Personal information
- Born: 22 December 1936 Chomęcice, Wielkopolskie, Poland
- Died: 17 May 2006 (69) Nowy Dwór Gdański, Pomorskie, Poland
- Height: 1.60 m (5 ft 3 in)
- Weight: 60 kg (130 lb)

Sport
- Sport: Weightlifting
- Club: LZS Wrocław Śląsk Wrocław WKS Flota Gdynia
- Coached by: Aleksander Machowski Augustyn Dziedzic Klemens Roguski

Medal record
Representing Poland
Olympic Games
| Bronze medal – third place | 1964 Tokyo | -60 kg |
World Championships
| Silver medal – second place | 1965 Tehran | -60 kg |
| Silver medal – second place | 1966 East Berlin | -60 kg |
| Gold medal – first place | 1970 Columbus | -60 kg |
European Championships
| Gold medal – first place | 1965 Sofia | -60 kg |
| Gold medal – first place | 1966 East Berlin | -60 kg |
| Gold medal – first place | 1968 Leningrad | -60 kg |
| Silver medal – second place | 1970 Szombathely | -56 kg |
| Bronze medal – third place | 1972 Constanta | -60 kg |

= Mieczysław Nowak =

Polish weightlifter (1936–2006)

Mieczysław Nowak (22 December 1936 – 17 May 2006) was a Polish featherweight weightlifter.

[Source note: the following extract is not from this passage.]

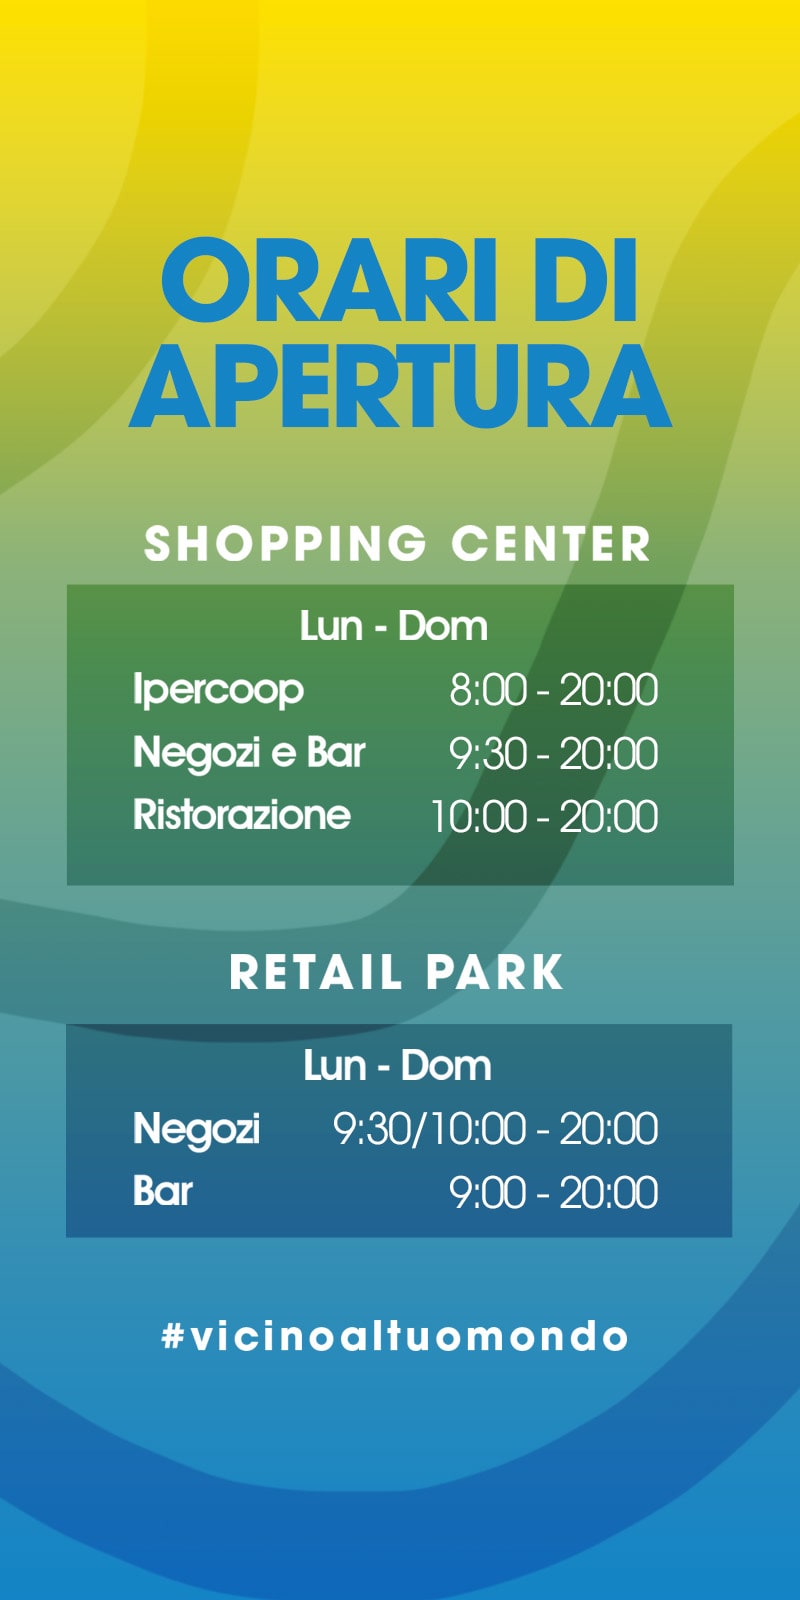 Nuovi orari - Mondovicino Shopping Center & Retail Park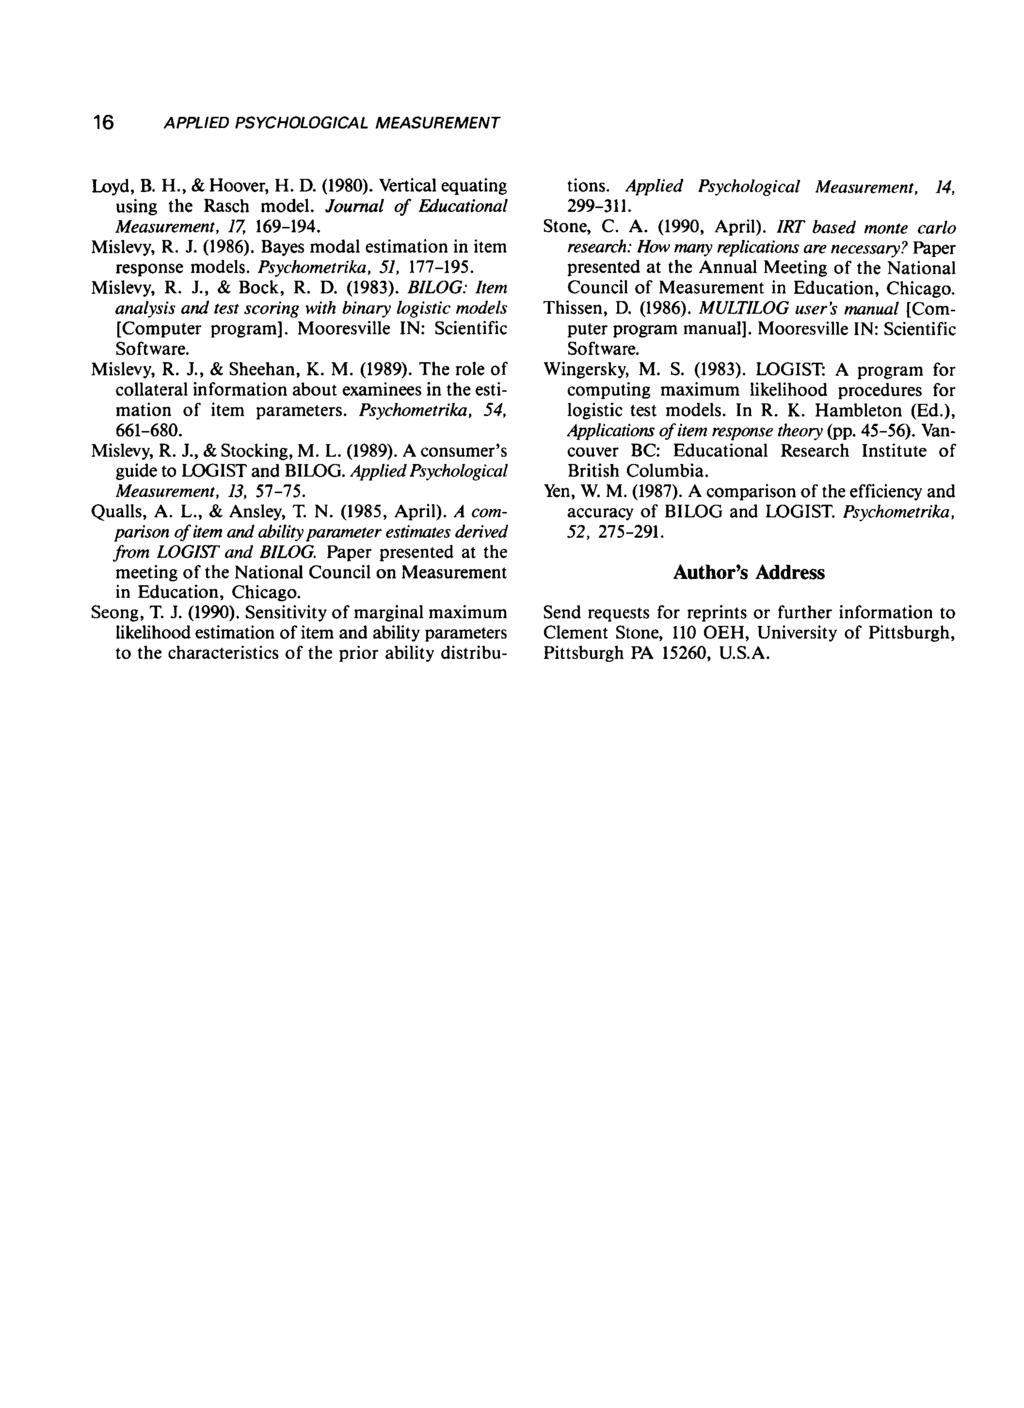 16 Loyd, B. H., & Hoover, H. D. (1980). Vertical equating using the Rasch model. Journal of Educational Measurement, 17, 169-194. Mislevy, R. J. (1986). Bayes modal estimation in item response models.

He competed at the 1964, 1968 and 1972 Olympics and finished in third, fifth and seventh place, respectively. He won one gold (1970) and two silver medals (1965 and 1966) at world championships, and his Olympic bronze also counted as the world championships bronze in 1964. At the European championships, he won three gold (1965, 1966 and 1968), one silver (1970) and 1 bronze medals (1972). Nationally he won four titles (1965–1967, 1970) and set thirteen records.

After retiring from competitions Nowak worked as a coach and a sports official.